§ **Work item**: Would you set down all of the entries below exactly as they stand?

[Stored data]
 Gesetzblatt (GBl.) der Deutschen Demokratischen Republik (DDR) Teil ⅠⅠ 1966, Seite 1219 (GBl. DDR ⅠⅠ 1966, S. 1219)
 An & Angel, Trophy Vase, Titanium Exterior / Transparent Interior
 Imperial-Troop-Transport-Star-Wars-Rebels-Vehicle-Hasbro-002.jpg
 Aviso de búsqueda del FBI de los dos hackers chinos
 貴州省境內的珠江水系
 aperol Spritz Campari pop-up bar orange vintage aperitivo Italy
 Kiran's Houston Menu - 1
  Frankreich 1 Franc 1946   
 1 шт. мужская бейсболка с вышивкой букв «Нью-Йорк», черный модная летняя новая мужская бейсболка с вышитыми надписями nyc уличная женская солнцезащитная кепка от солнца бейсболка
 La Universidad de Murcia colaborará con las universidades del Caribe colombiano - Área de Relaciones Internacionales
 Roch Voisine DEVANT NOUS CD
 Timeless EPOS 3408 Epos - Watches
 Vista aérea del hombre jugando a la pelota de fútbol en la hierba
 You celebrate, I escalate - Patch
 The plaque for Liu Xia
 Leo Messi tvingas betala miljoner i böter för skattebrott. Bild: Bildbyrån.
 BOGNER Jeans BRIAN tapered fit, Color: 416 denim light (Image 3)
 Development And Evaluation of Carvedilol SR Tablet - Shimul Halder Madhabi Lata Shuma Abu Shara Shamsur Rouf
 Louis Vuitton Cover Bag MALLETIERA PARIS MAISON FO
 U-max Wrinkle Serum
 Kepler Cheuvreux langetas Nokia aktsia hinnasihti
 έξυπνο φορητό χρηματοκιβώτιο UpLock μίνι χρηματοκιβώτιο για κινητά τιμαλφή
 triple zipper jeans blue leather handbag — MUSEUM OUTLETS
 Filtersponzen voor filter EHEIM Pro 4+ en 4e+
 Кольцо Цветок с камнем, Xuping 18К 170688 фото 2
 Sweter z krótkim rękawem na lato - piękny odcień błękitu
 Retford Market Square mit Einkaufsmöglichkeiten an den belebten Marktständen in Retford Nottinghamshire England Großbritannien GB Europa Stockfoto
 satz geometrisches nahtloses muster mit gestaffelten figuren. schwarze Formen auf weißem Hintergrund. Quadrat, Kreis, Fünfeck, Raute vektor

§ **Response to this task**:
 Gesetzblatt (GBl.) der Deutschen Demokratischen Republik (DDR) Teil ⅠⅠ 1966, Seite 1219 (GBl. DDR ⅠⅠ 1966, S. 1219)
 An & Angel, Trophy Vase, Titanium Exterior / Transparent Interior
 Imperial-Troop-Transport-Star-Wars-Rebels-Vehicle-Hasbro-002.jpg
 Aviso de búsqueda del FBI de los dos hackers chinos
 貴州省境內的珠江水系
 aperol Spritz Campari pop-up bar orange vintage aperitivo Italy
 Kiran's Houston Menu - 1
  Frankreich 1 Franc 1946   
 1 шт. мужская бейсболка с вышивкой букв «Нью-Йорк», черный модная летняя новая мужская бейсболка с вышитыми надписями nyc уличная женская солнцезащитная кепка от солнца бейсболка
 La Universidad de Murcia colaborará con las universidades del Caribe colombiano - Área de Relaciones Internacionales
 Roch Voisine DEVANT NOUS CD
 Timeless EPOS 3408 Epos - Watches
 Vista aérea del hombre jugando a la pelota de fútbol en la hierba
 You celebrate, I escalate - Patch
 The plaque for Liu Xia
 Leo Messi tvingas betala miljoner i böter för skattebrott. Bild: Bildbyrån.
 BOGNER Jeans BRIAN tapered fit, Color: 416 denim light (Image 3)
 Development And Evaluation of Carvedilol SR Tablet - Shimul Halder Madhabi Lata Shuma Abu Shara Shamsur Rouf
 Louis Vuitton Cover Bag MALLETIERA PARIS MAISON FO
 U-max Wrinkle Serum
 Kepler Cheuvreux langetas Nokia aktsia hinnasihti
 έξυπνο φορητό χρηματοκιβώτιο UpLock μίνι χρηματοκιβώτιο για κινητά τιμαλφή
 triple zipper jeans blue leather handbag — MUSEUM OUTLETS
 Filtersponzen voor filter EHEIM Pro 4+ en 4e+
 Кольцо Цветок с камнем, Xuping 18К 170688 фото 2
 Sweter z krótkim rękawem na lato - piękny odcień błękitu
 Retford Market Square mit Einkaufsmöglichkeiten an den belebten Marktständen in Retford Nottinghamshire England Großbritannien GB Europa Stockfoto
 satz geometrisches nahtloses muster mit gestaffelten figuren. schwarze Formen auf weißem Hintergrund. Quadrat, Kreis, Fünfeck, Raute vektor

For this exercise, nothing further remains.